Getting up on legs that alarmed him by being shaky, Bane got up and stared back over his shoulder at a funeral home that was a giant torch spewing black smoke into the cold night air. His mind was clearing fast and he realized he had to get away. There was no chance of recovering Bassett's body or checking the house to see if anyone was alive. He could not have stayed in there another few seconds without being overcome himself. Whatever Melchius had thrown to destroy that building, it had certainly been effective.
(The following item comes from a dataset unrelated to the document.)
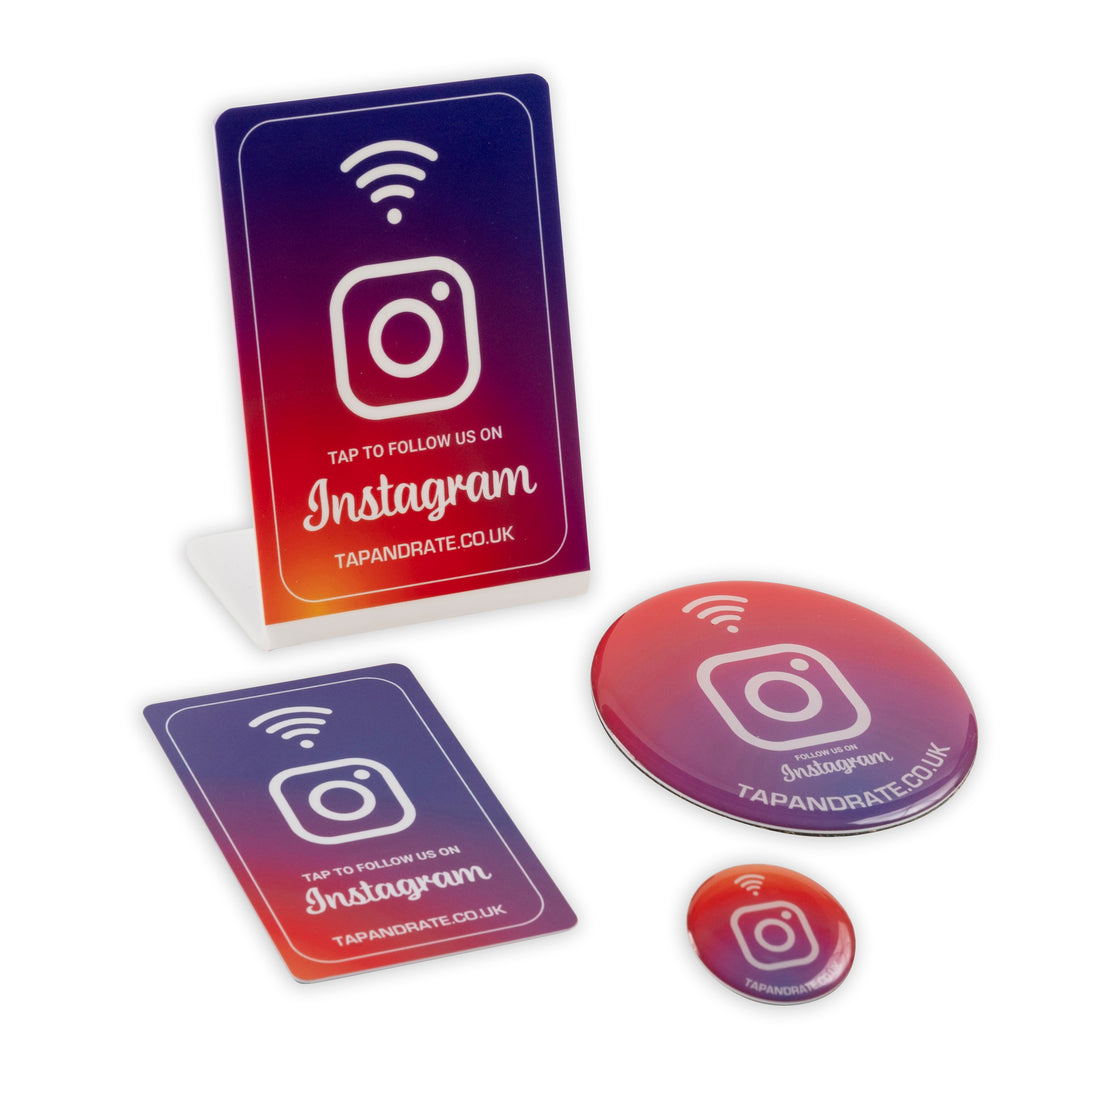 Instagram Super Bundle - NFC Enabled Instagram Followers card. Best chip, premium quality. Customers can follow you and see your profile with just one simple tap. No searching or finding your account, comes linked to your account so all the customer has to do is tap their phone and follow your profile. Ready to use out of the box! Start getting more followers today. Get more Customer with this simple to use product. Tap and Rate

The Dire Wolf grew stronger as he limped to where he had left his Mustang. Luckily, no one drove by in those few minutes. He was vaguely aware that his outer clothes were hanging in tatters and the gleam of the Trom armor underneath showed in a dozen places. Once he got behind the wheel, turning the key with swollen fingers that were red as if sunburned, Bane peeled out and drove without purpose for a few miles. His only thought was to put some distance between that fire and himself.

Ten minutes later, he saw a combination gas station and convenient mart. Cumberland Farms. He wheeled into a spot off to one side and turned the engine off. Packed in his travel knapsack sitting on the backseat was a large first aid kit. He began gingerly squirting Neosporin on his hands and face where the skin was peeling off in strips. Only now did he realize how much it really hurt. Bane wrapped his hands with a roll of sterile gauze, holding it on with white surgical tape to make crude mittens. He applied several large gauze pads with adhesive edges to his forehead and cheeks, which was all he could manage at the moment. With great relief, he decided that his eyes had not been damaged. They were watering but his vision seemed normal.

Starting up the Mustang again, Bane realized this was one of the rare times he had entered a gas station without his obsessive ritual of topping off the tank, checking the oil and tires and cleaning the windows. He was just too damaged to even think about it. He started back toward Manhattan, driving more slowly and carefully than usual.

Part of his mind was wondering why Melchius had reacted like that, torching the funeral home rather than confronting Bane. With his dozens of potions and elixirs, a veteran Alchemist was a dangerous opponent. Ah well, the Dire Wolf reflected that maybe Melchius was just a cautious sort of bad guy who preferred to avoid direct conflict. There would be another clash between them, he promised himself.

His skin was starting to sting less as the Tagra healing factor kicked in. Bane lowered his shoulders and leaned back more comfortably in the seat as he drove. He was thinking about Bobby Bassett, how he Bane had decided to give the man that gun against all prudence, and how it had worked out for the best. He had seriously expected Bobby to turn against him and try to work for the Alchemist. Bane allowed himself a bittersweet twinge. It was good that human nature did not always let him down.